I was embarrassed. And frustrated. And hopeless. And I was petrified over what failing calc would do to my college plans.

I needed that math credit to get into the college I wanted to go to. I begged Mr. Lloyd, my guidance counselor, to put me in another class, but all the other classes were full, so I couldn’t transfer out. So I had no choice. Fail the class or drop it entirely. Either way, I would lose the math credit I needed. I would go to a second-rate school. I would be status quo—
almost
perfect,
almost
amazing. And I was scared to death that the whole rest of my life would be defined by that, by an
almost
. I’d have come so close but never quite gotten there. This wasn’t about me losing everything; this was about me losing the only thing I’d ever gotten attention for. This was about me losing the most important thing.

I had to do something. I couldn’t let one lousy teacher take it all away from me. Make me just one more child who had
almost
lived up to her potential. Make me the one who couldn’t overcome that she wasn’t born great.

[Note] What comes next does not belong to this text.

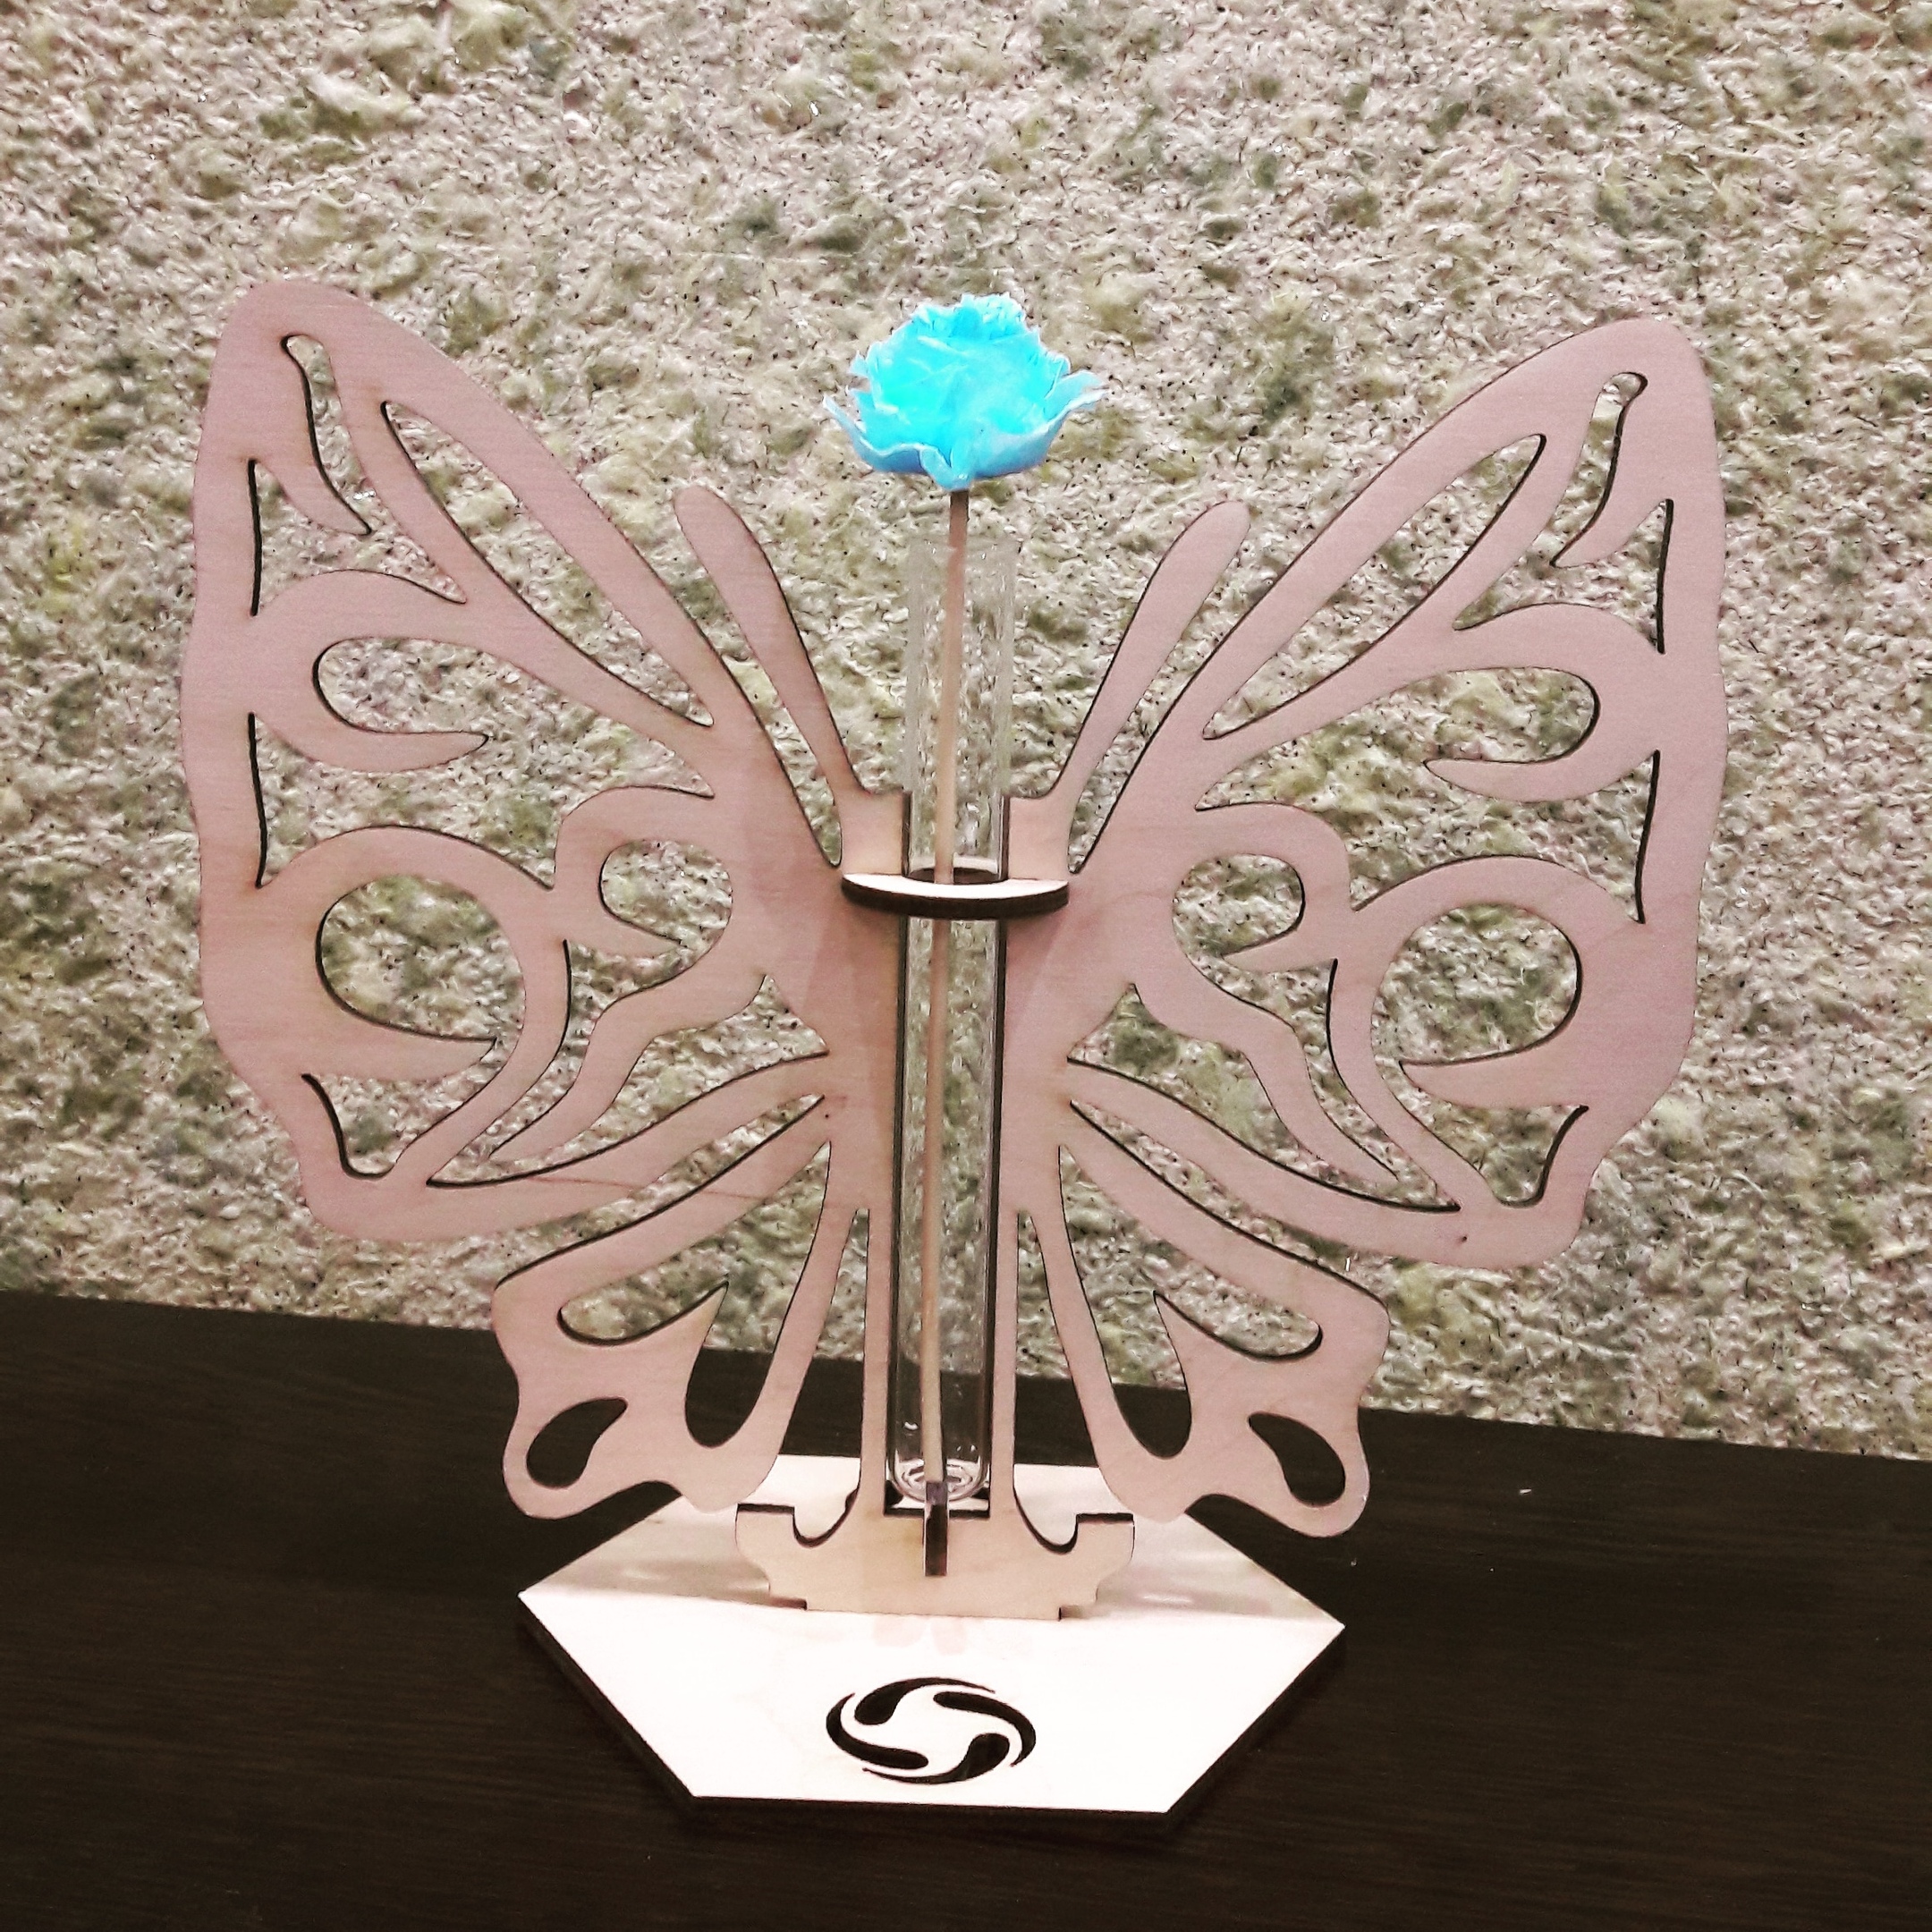 Supporto in legno per vaso di fiori con provetta a farfalla tagliata al laser

I didn’t realize until a car’s headlights on the other side of the median had streaked by that I was silently crying. I didn’t know what time it was, but we’d been on the road for hours, it seemed, and Grayson’s stirring was becoming more and more frequent.

I had no idea where we were. For miles, I’d seen almost nothing but darkness. The only sign of a “town” was an occasional diner or defunct gas station perched at the top of an exit ramp.